Absolutely, you mentioned that the landscape is changing right now and, speaking of which, the Oscars are right around the corner. The topic of #OscarsSoWhite is coming up again and the landscape does seem like it’s changing a little bit, but I’m curious to know what your thoughts and opinions are on this year’s roundup of Oscar nominees. Has the award ceremony gotten better or is there still more work to do?
Roxanne Avent: Well, listen, I don’t know all the ins and outs of all of that, but there’s always gonna be work to do. There’s always gonna be different monuments and things that happen to change people’s way of thinking because, again, it’s still the old traditional way. So, I’m just excited and embrace everybody who has been nominated, where we’ve gotten this far, and I can just hope for the best. We gotta just focus on ourselves and our journey, not be validated by any system that’s set up to discourage you.
I’m really geeked about the projects that are coming out of Hidden Empire Film Group. We’ve got Traffik, we’ve got Motivated Seller, Meet the Blacks 2. I take it that you’re someone that’s into nerdy and geeky things and we, here at Black Girl Nerds, always embrace those things. So, can you tell us what’s some nerdier geeky things that you fan out about?
Roxanne Avent: Well, I feel like the technology has definitely changed to where, before, when I was in that space, I was always often referenced as a nerd. Now, it’s taken off, but I’m very proficient in that kind of world, if you will. I still love the traditional reading books, talking on a regular phone kind of thing, just the old school traditions. Yeah, I guess, I don’t know. I’ve never really thought about that, I’m very conservative, very conservative person. Good question.

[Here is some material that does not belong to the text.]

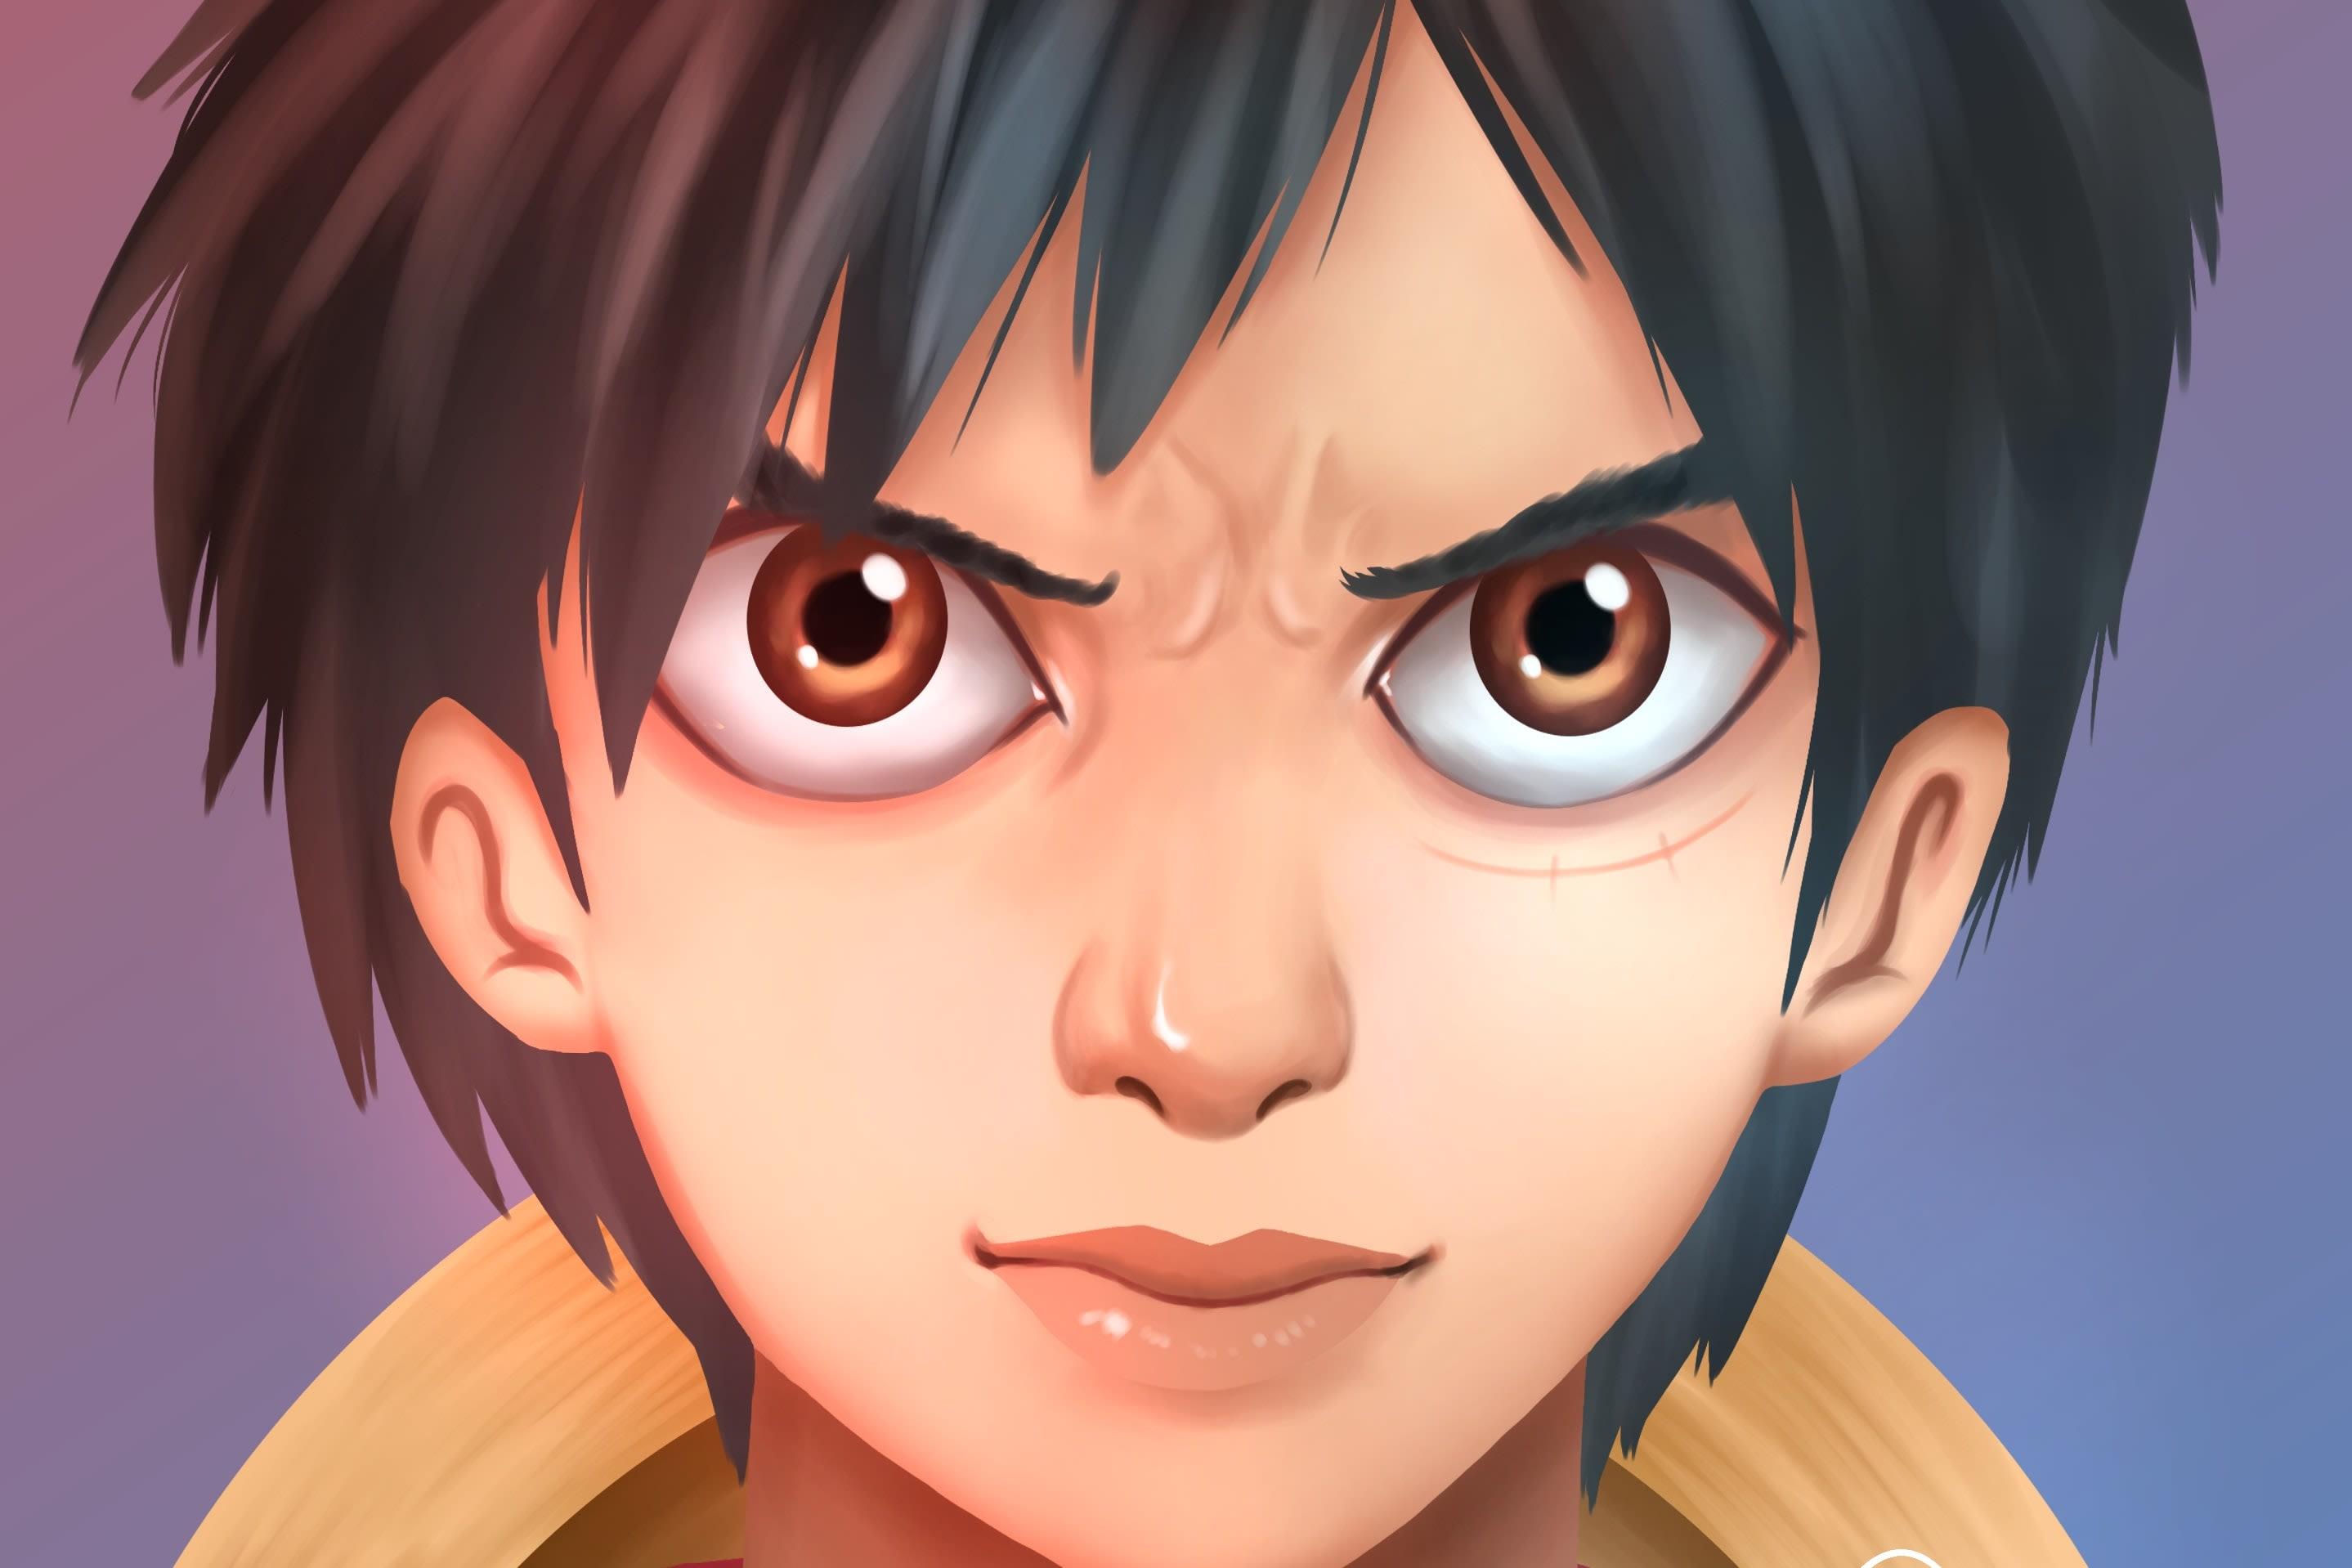 Portfolio for Anime & Chibi Illustrations

Well, it sounds like you’re a bookworm.
Roxanne Avent: Yeah, I like educational books. You move into what you read, and how you start, and how things transition, but I love the stories of just people changing their life around, and motivators, and that kind of thing. It’s very inspiring.
Final question, what are some words of advice that you would give to a budding filmmaker or somebody that’s interested in producing, especially, specifically, for young Black women, who we need to see more of in these roles behind the camera? What advice would you give to them on how to get started?

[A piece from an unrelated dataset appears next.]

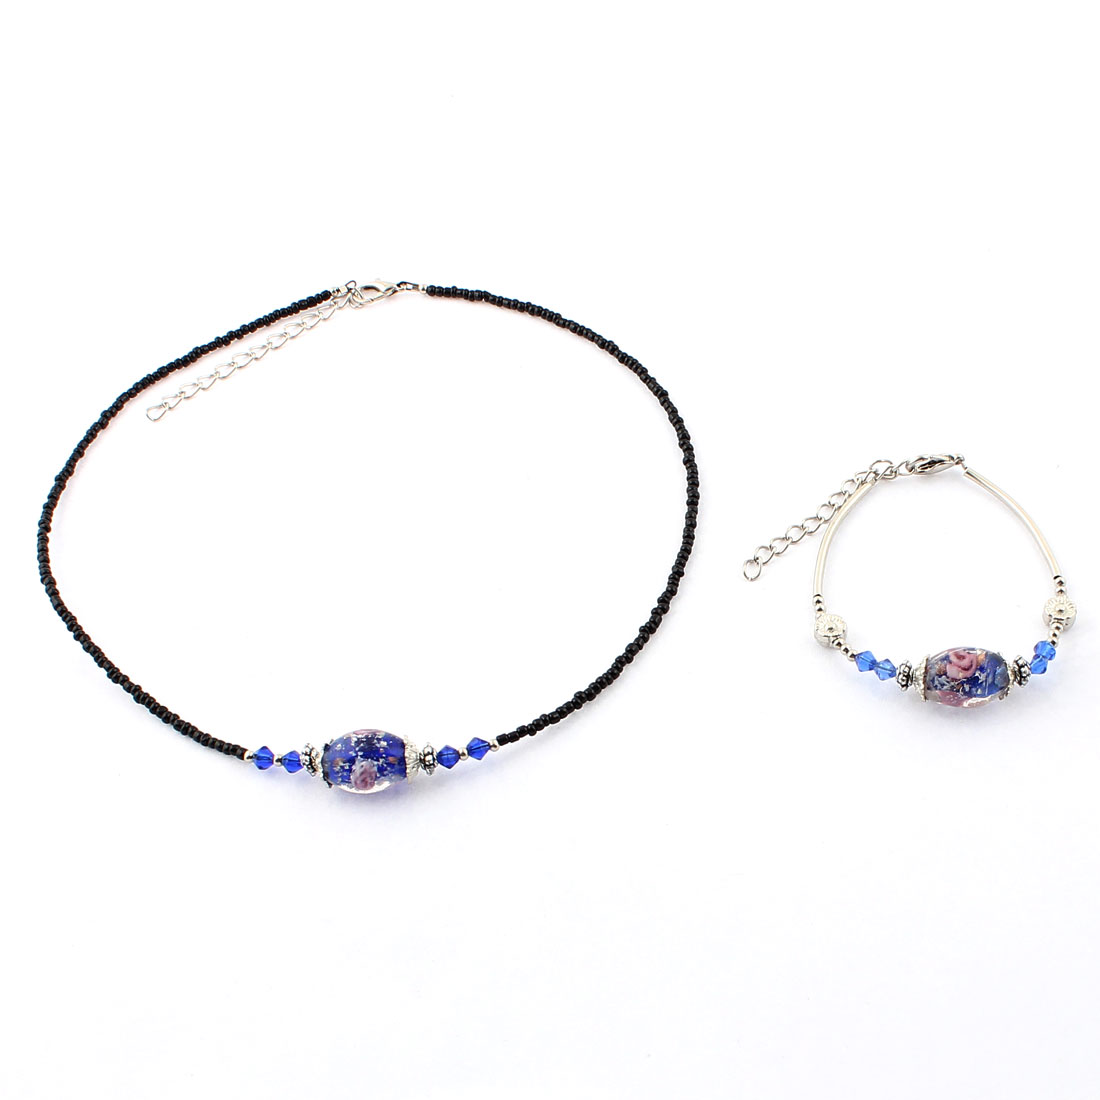 Woman Plastic Flower Pattern Bead Necklace Bracelet Dark Blue Set

Roxanne Avent: Well, I think if you don’t have any experience or knowledge, you’ve gotta team up or get with a partner of some sort where you could grow and learn. In this business, a lot of people are not in the business in helping, or empowering, or introducing because they’re all about themselves. So, really finding genuine people that will support you and will make decisions with integrity and just to follow your heart because you always have those feelings when things are good, or bad, or not how they should be, or whatnot, so just following your heart and staying true to yourself, remembering where you came from, where you wanna go, and not making any sacrifices to get there. No shortcuts.
Well, thank you so much. You are a major player in Hollywood and it’s great to see that a woman of color is at the helm of all this. Congratulations on your partnership with Lionsgate and Codeblack Films and I look forward to seeing Traffik, and Motivated Seller, and Meet the Blacks 2 this year and really excited for what you guys have next. Is there anything that you guys have next?

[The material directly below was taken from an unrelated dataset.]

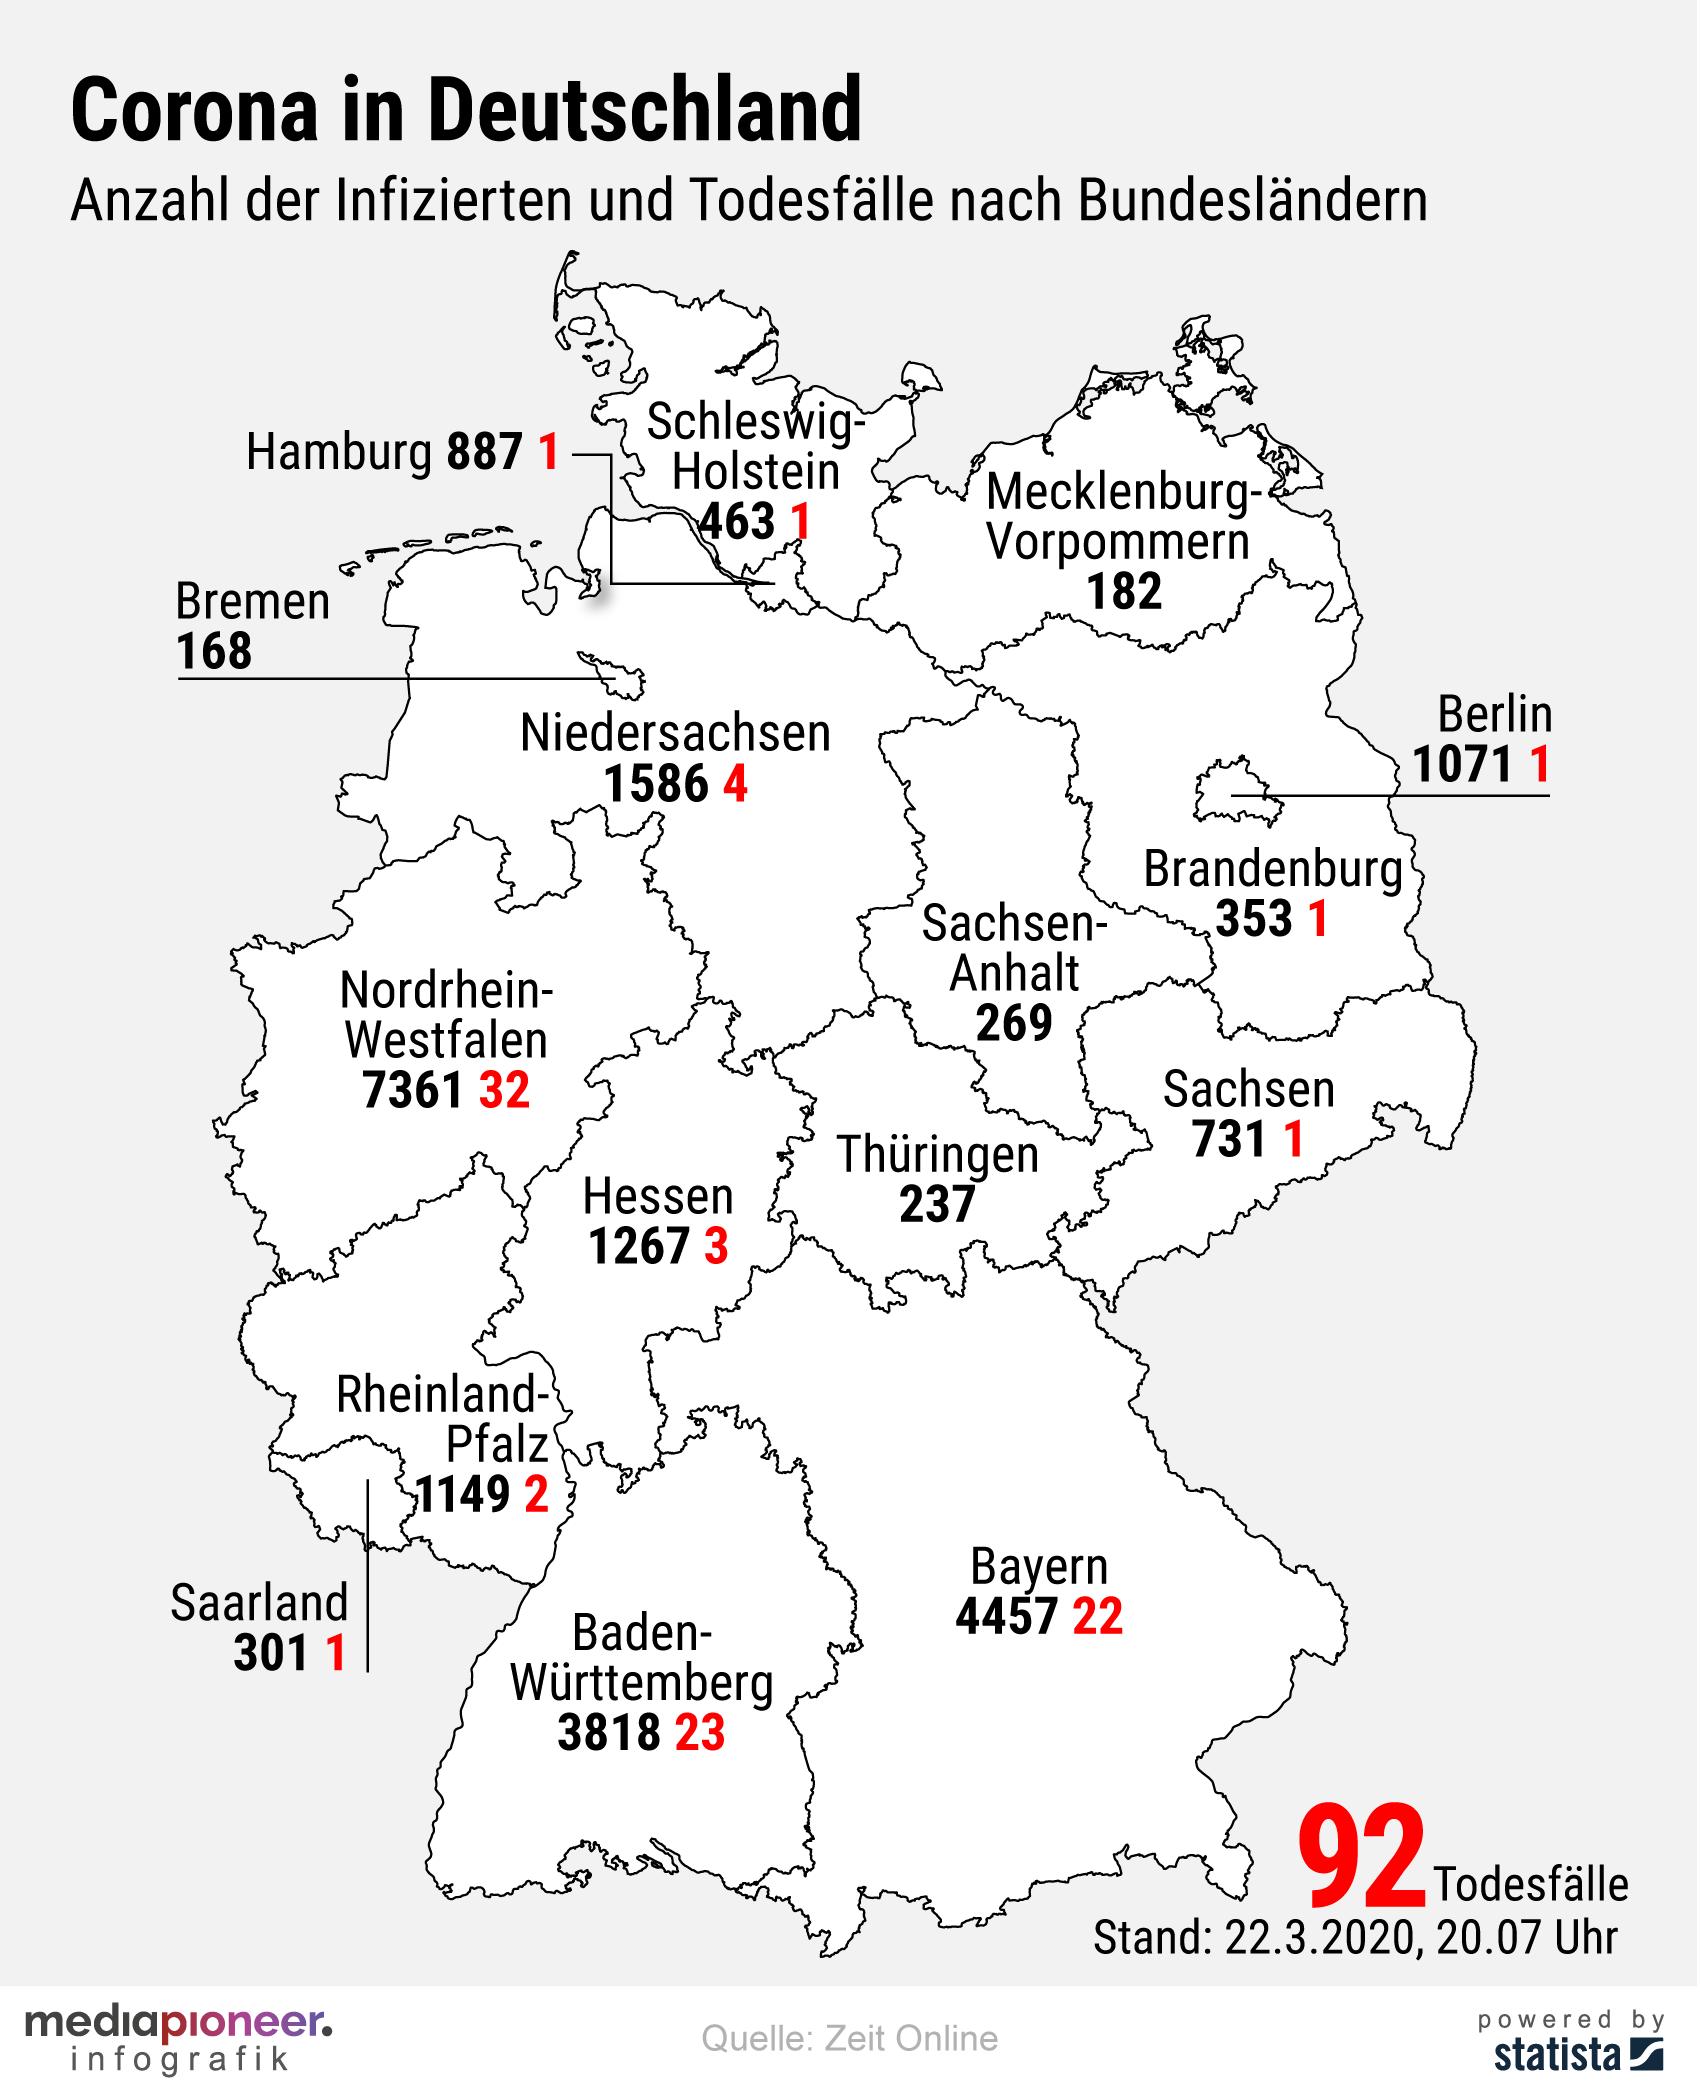 200323-infografik-media-pioneer-Corona-Bundeslaender

Roxanne Avent: Well, we have a lot, not only do we have those projects, we’re gonna be going into production here in the next month on a film entitled .38. We have some really great partnerships that we’re gonna announce here shortly, which they’re gonna be game changers.
After this interview, it was announced that Deon Taylor (Roxanne’s husband and producing partner) launched the new label, Dark Circus, a production shingle solely dedicated to producing elevated urban / pop culture comedy and horror films and TV series. The debut project for the Dark Circus label will be a collaboration with Snoop Dogg to produce “The Thrill” – a horror anthology TV series.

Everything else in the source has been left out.